Start of Supplied information
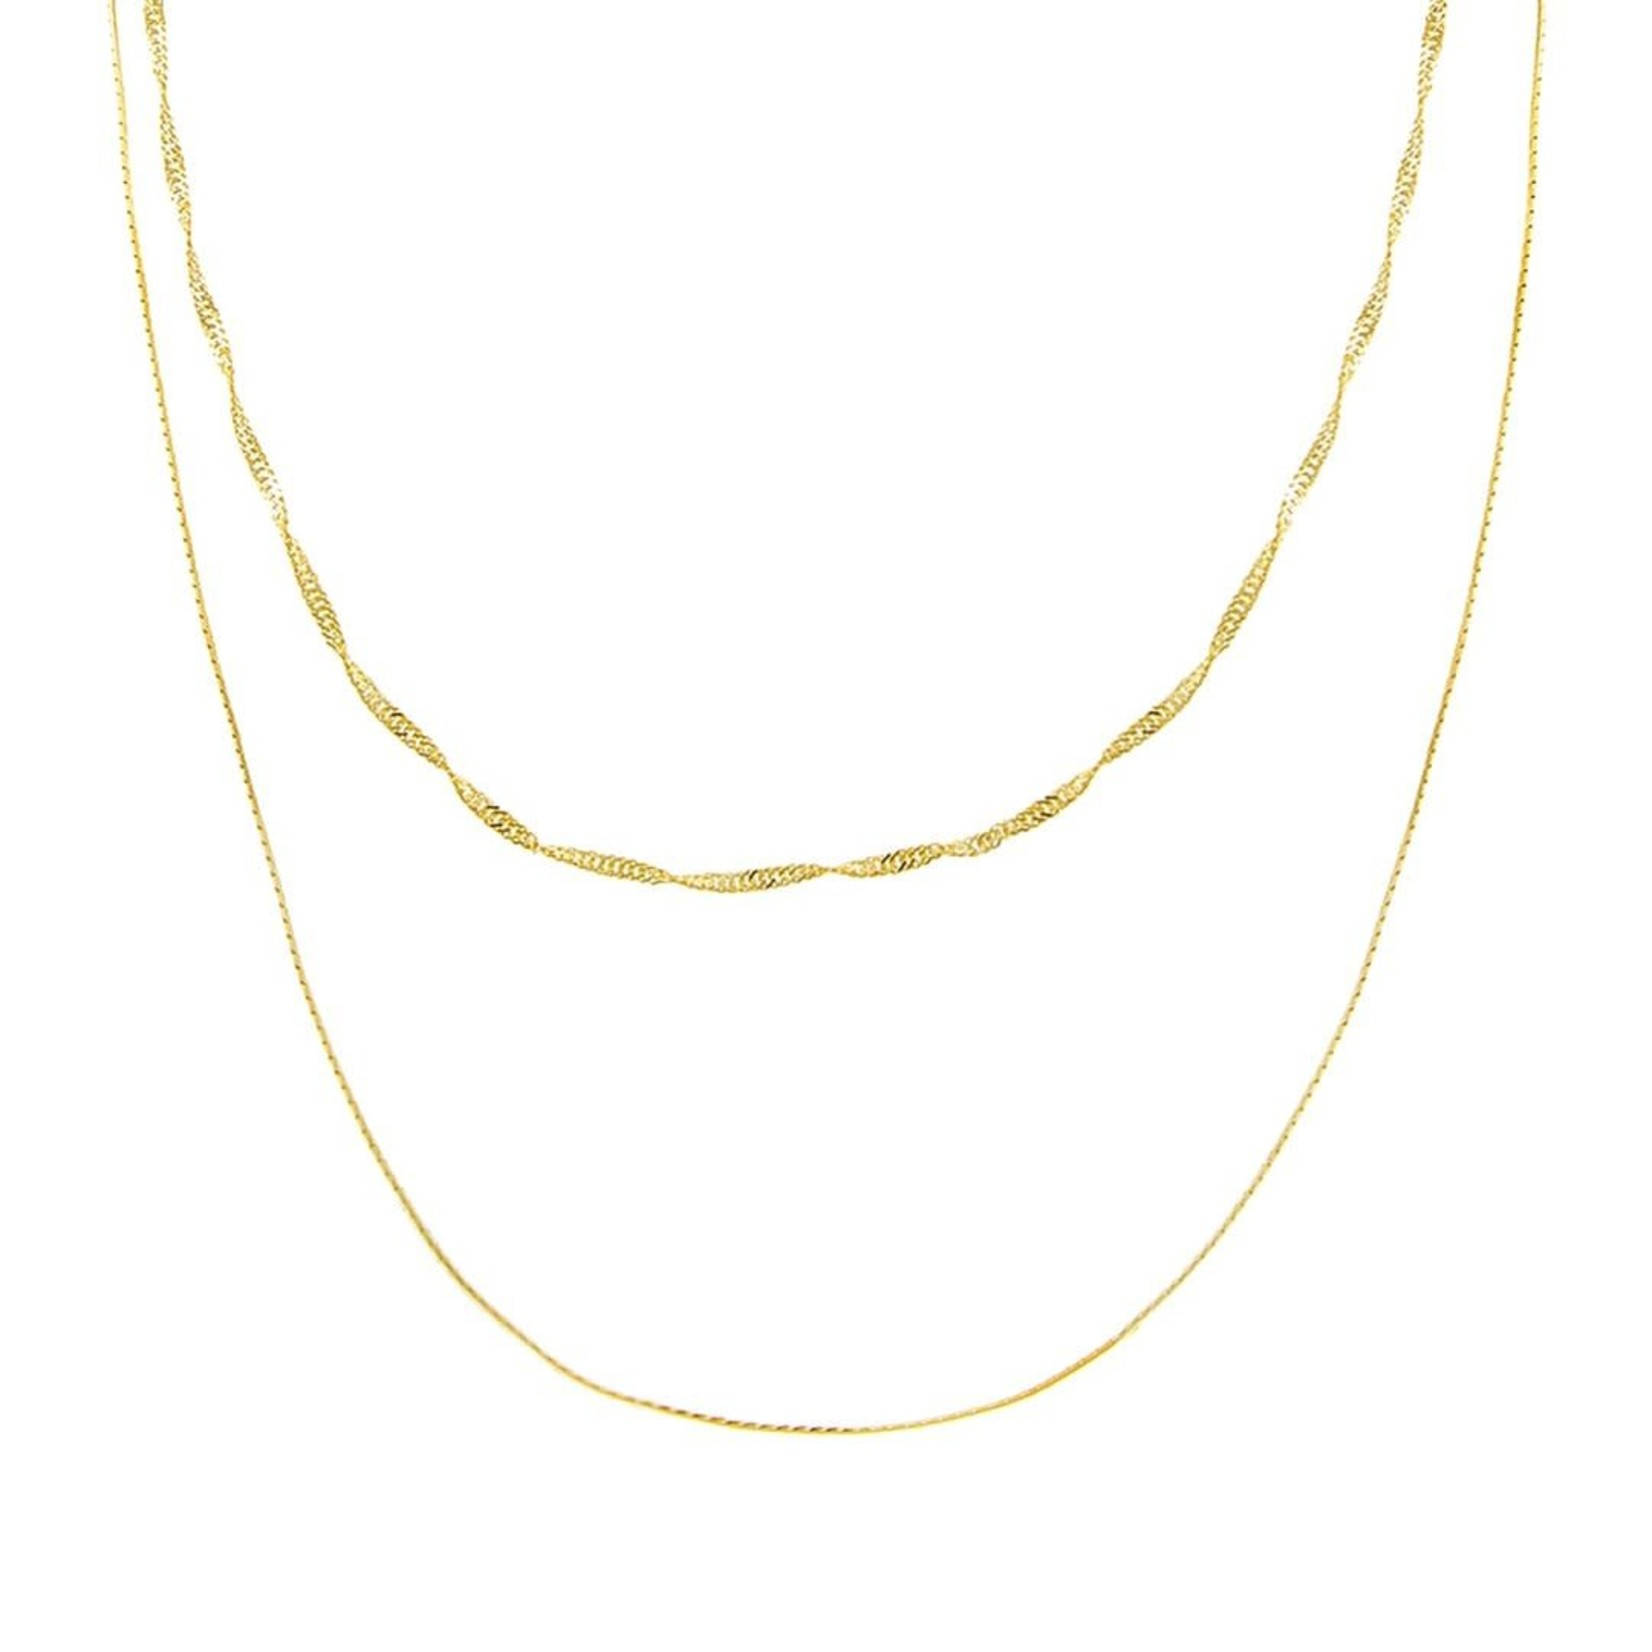 Adinas Double Chain Singapore X Snake Necklace
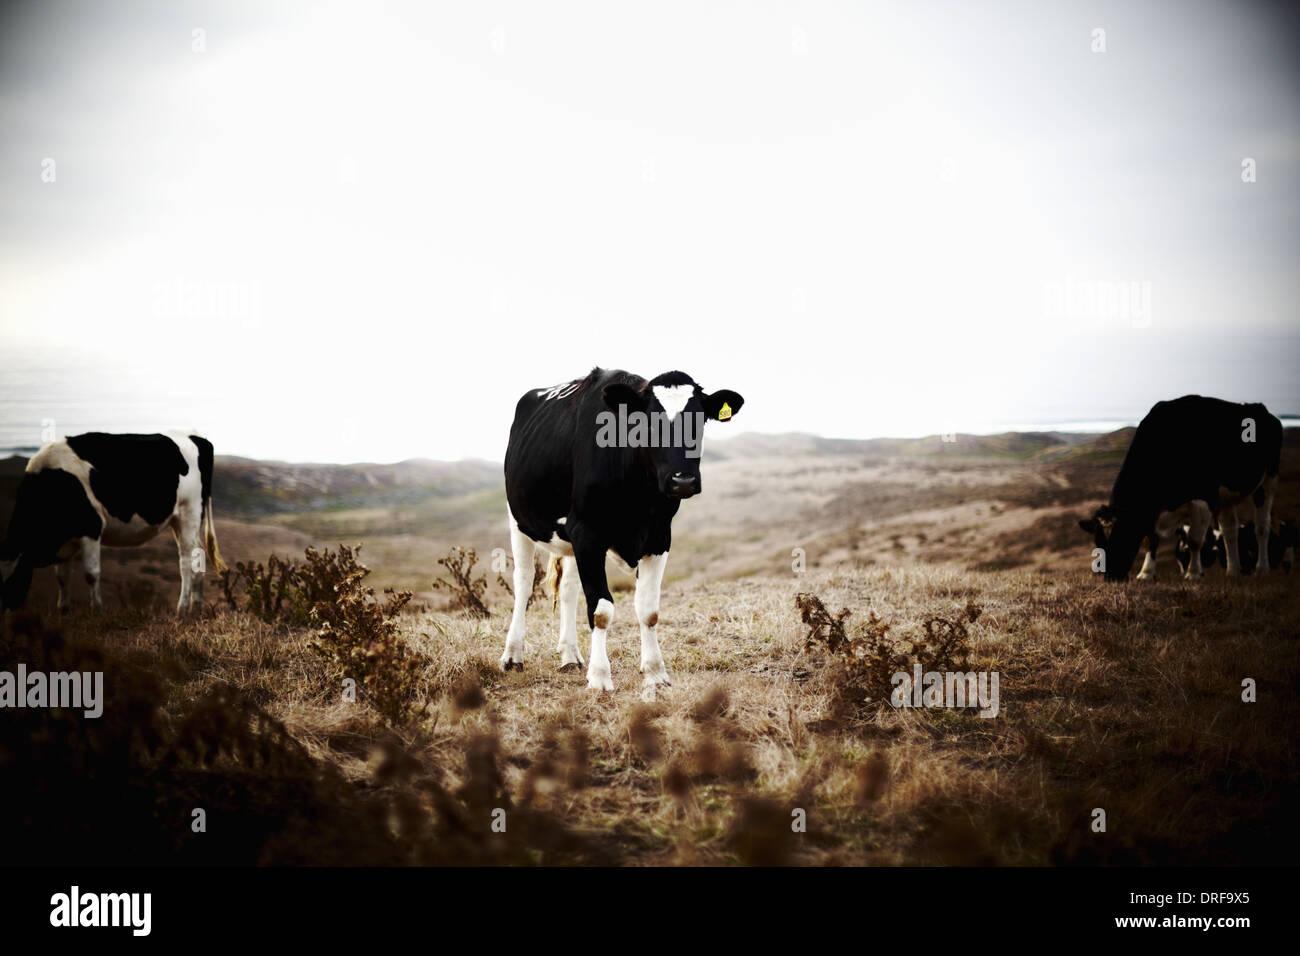 USA Three cows on grazing land - Stock Image
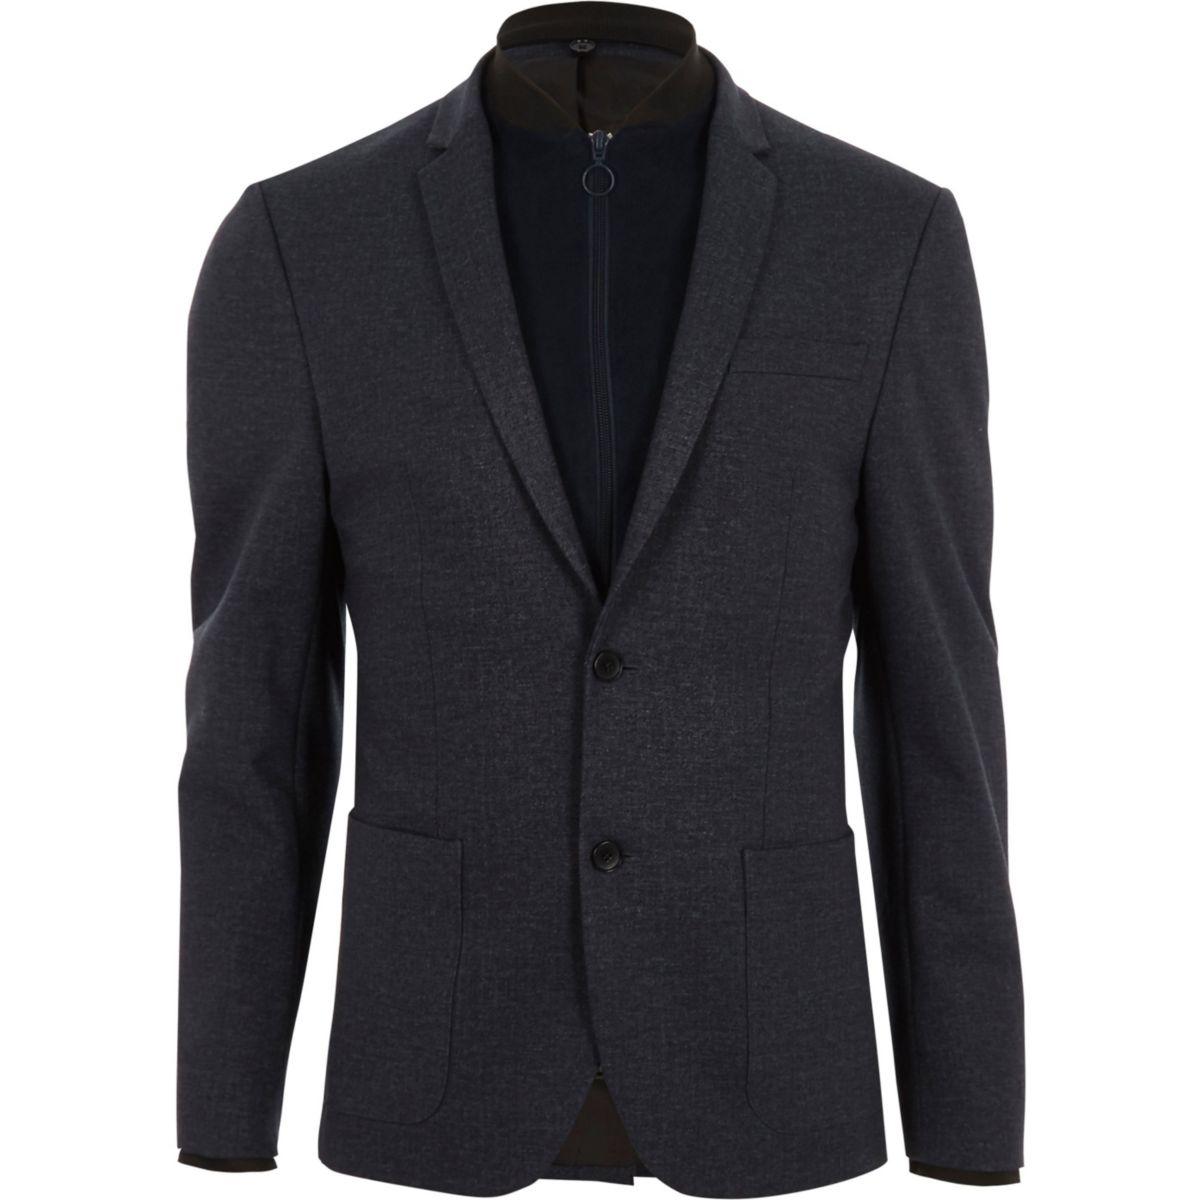 blazer skinny bleu marine avec empi cements fa on blouson blazers promos homme. Black Bedroom Furniture Sets. Home Design Ideas
End of Supplied information
Your objective →
Repeat the material above exactly; any picture in it is left out.

Exercise output →
 Adinas Double Chain Singapore X Snake Necklace
 USA Three cows on grazing land - Stock Image
 blazer skinny bleu marine avec empi cements fa on blouson blazers promos homme. Black Bedroom Furniture Sets. Home Design Ideas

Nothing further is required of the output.